Start of DATASET ENTRIES

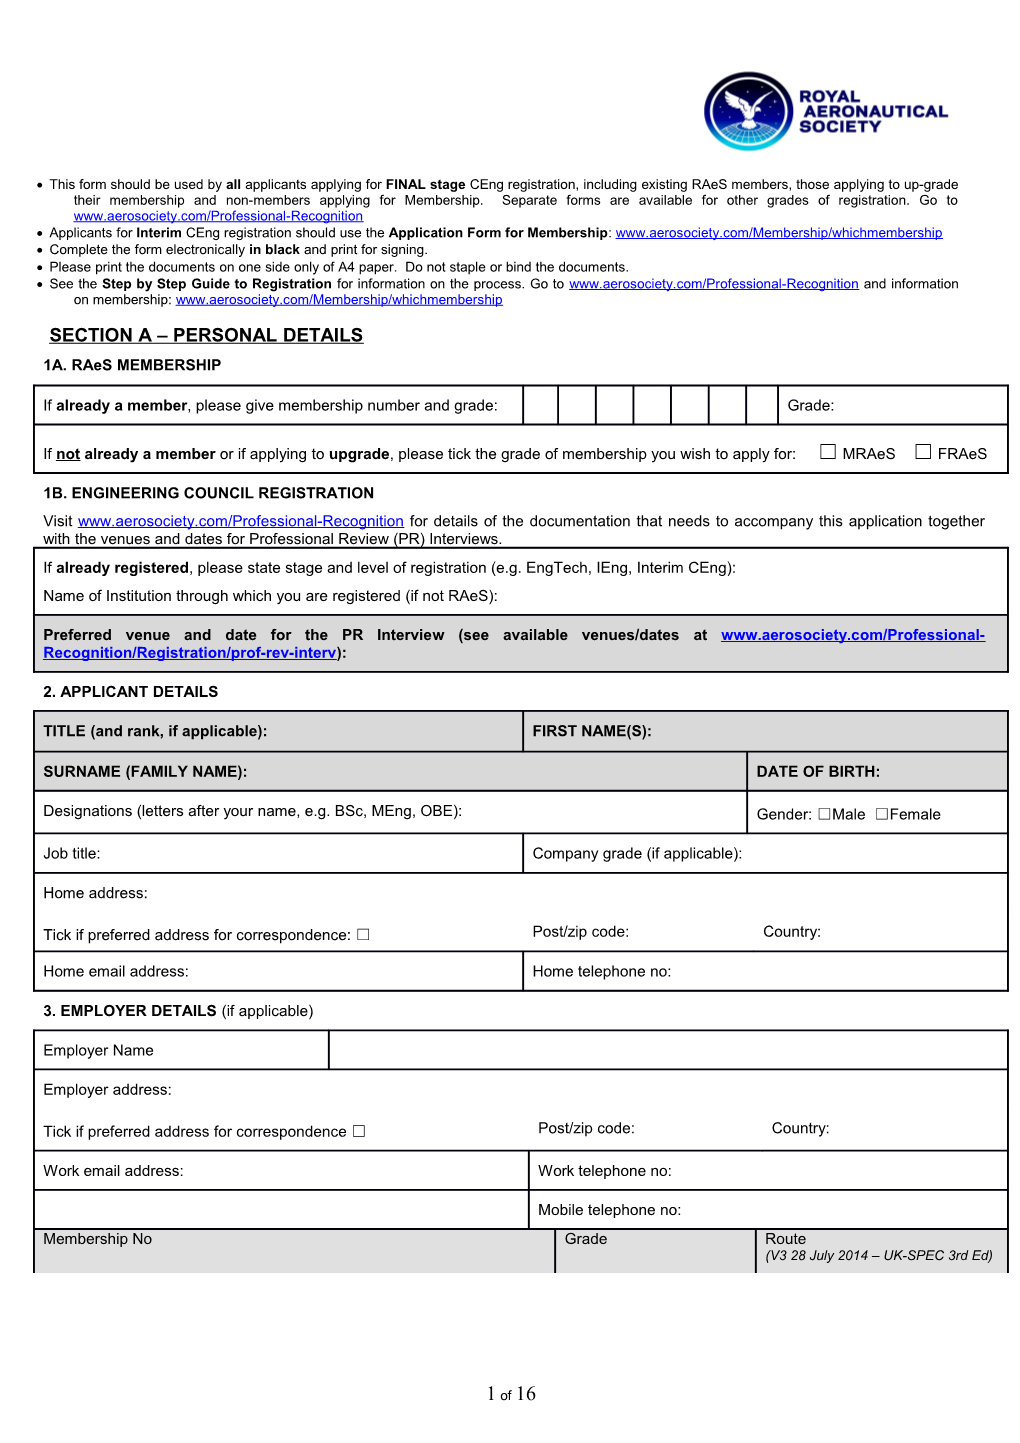 Complete the Form Electronically in Black and Print for Signing
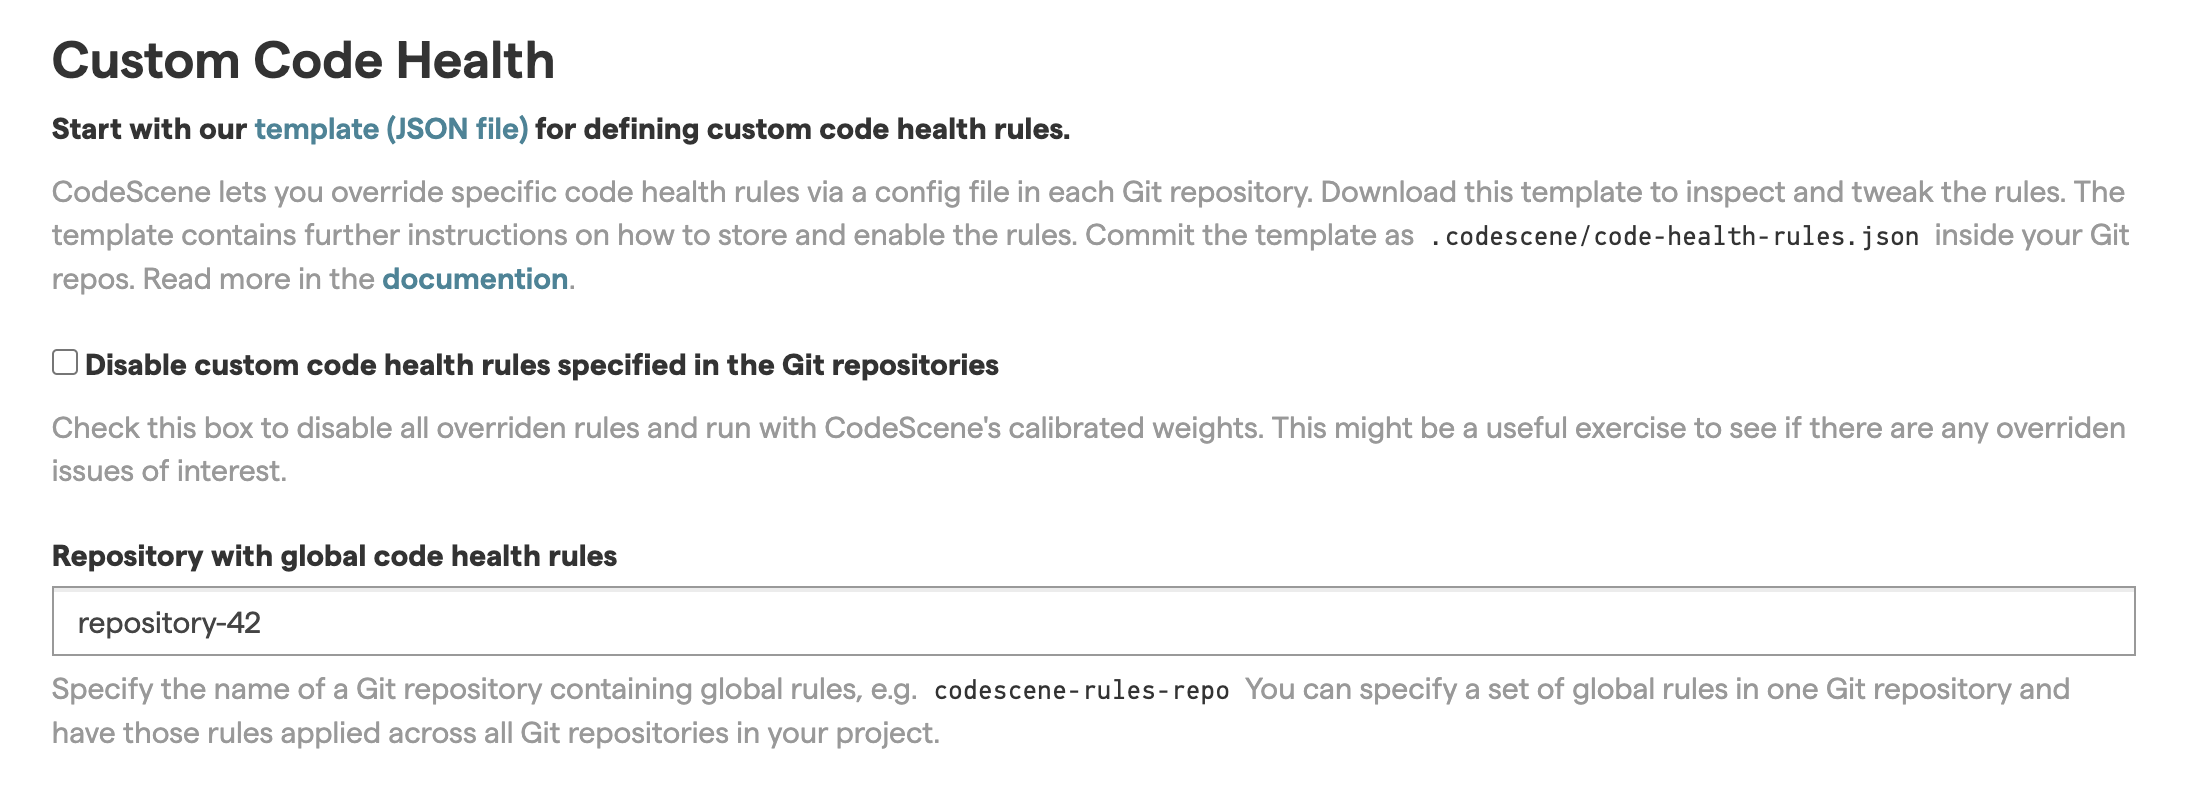 Use the 'Repository with global code health rules' field in the Hotspots tab. Enter the repository name of the repository containing the rules.
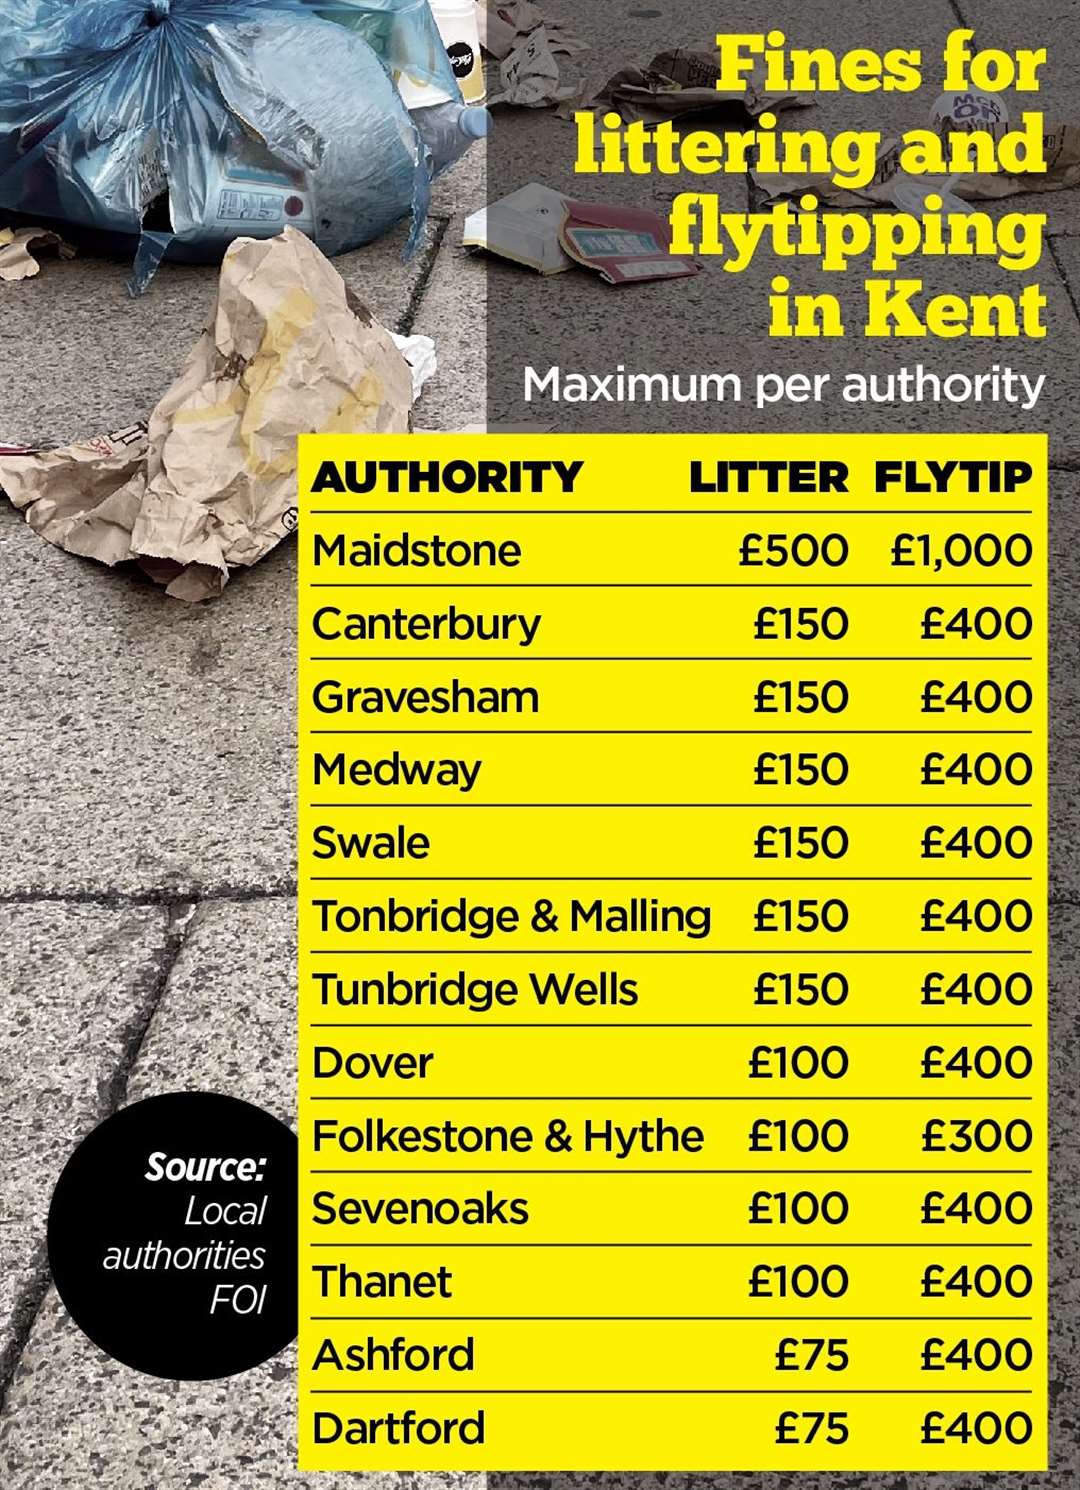 Maidstone has the highest fines for littering and fly-tipping of all local authorities in Kent, while Ashford and Dartford have the lowest
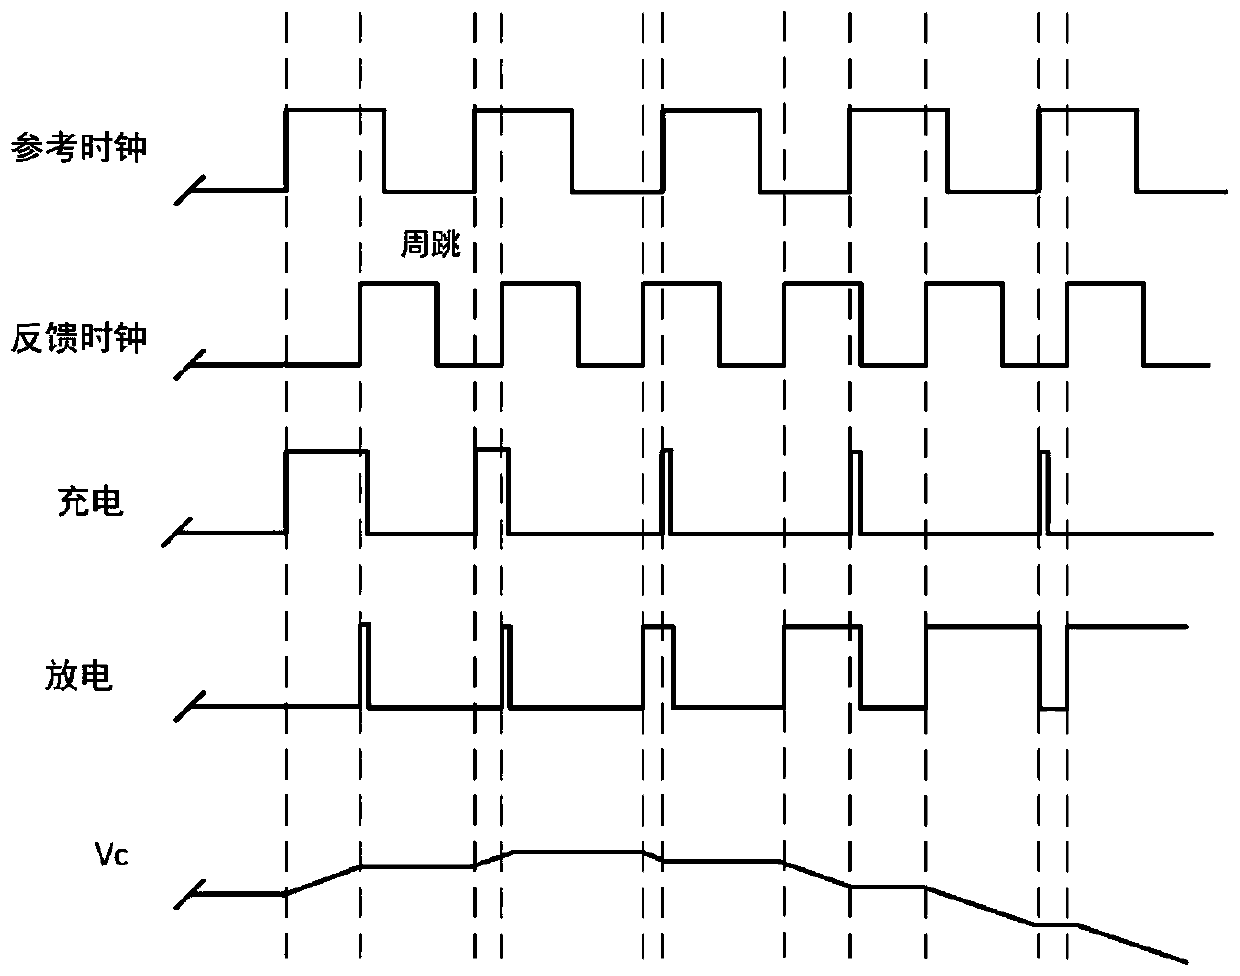 A Fast Locked-in Phase-Locked Loop Circuit Avoiding Cycle Skipping
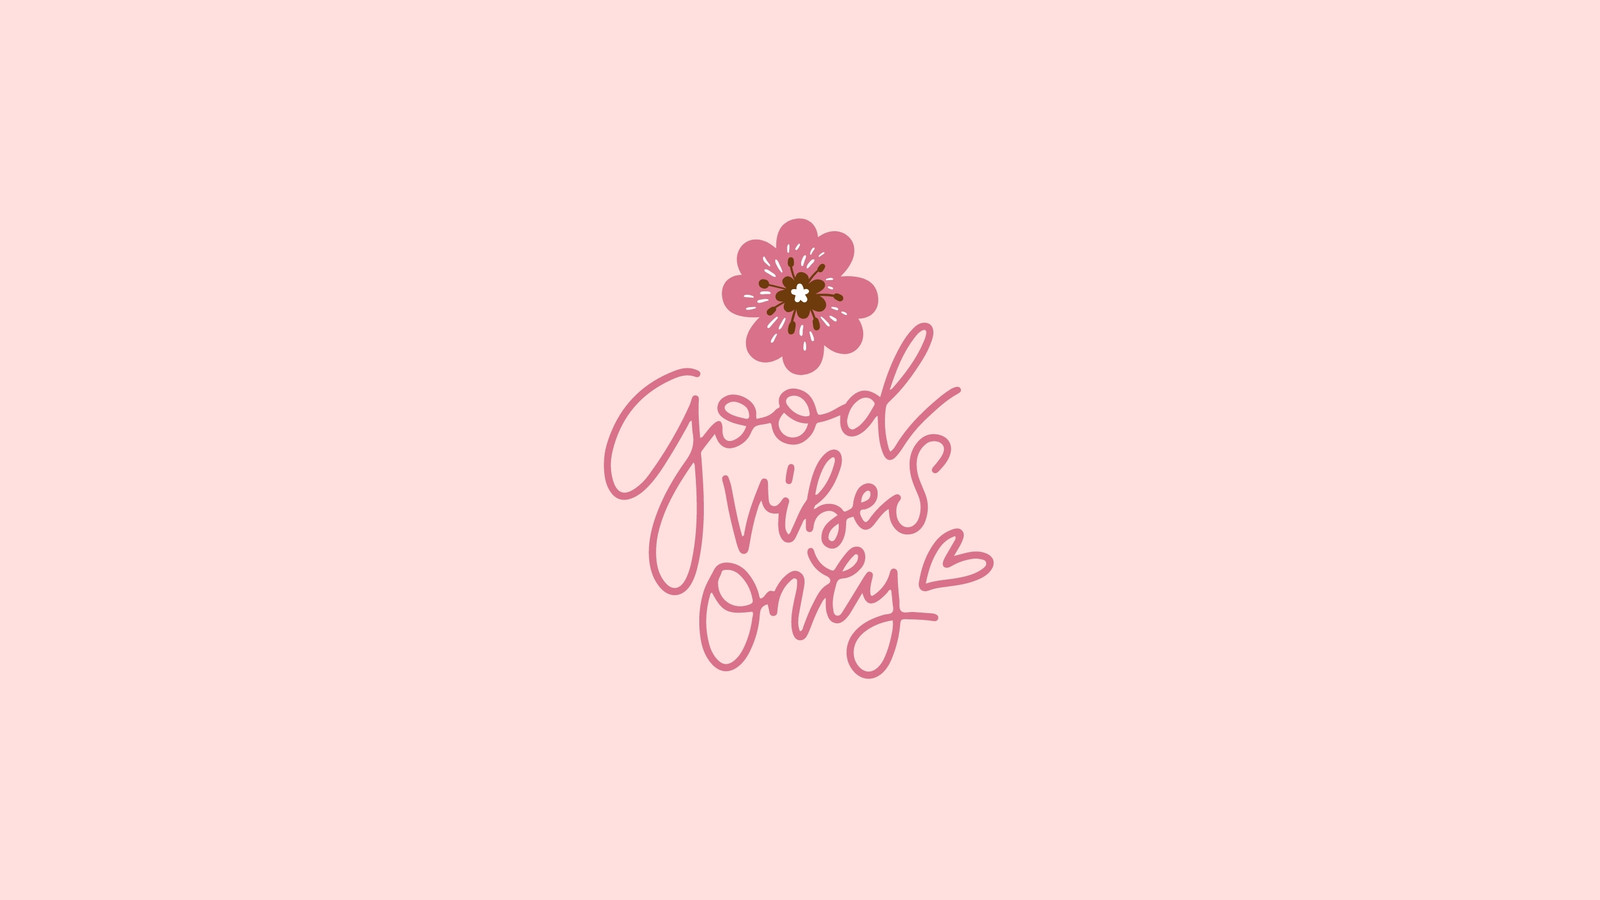 Good vibes only, lettering with a flower on a pink background - Pastel minimalist

End of DATASET ENTRIES

Output, exactly and without pictures, the span of lines that starts at the line containing "A Fast Locked-in" and ends at the last line above.

- WRITTEN ANSWER
 A Fast Locked-in Phase-Locked Loop Circuit Avoiding Cycle Skipping
 Good vibes only, lettering with a flower on a pink background - Pastel minimalist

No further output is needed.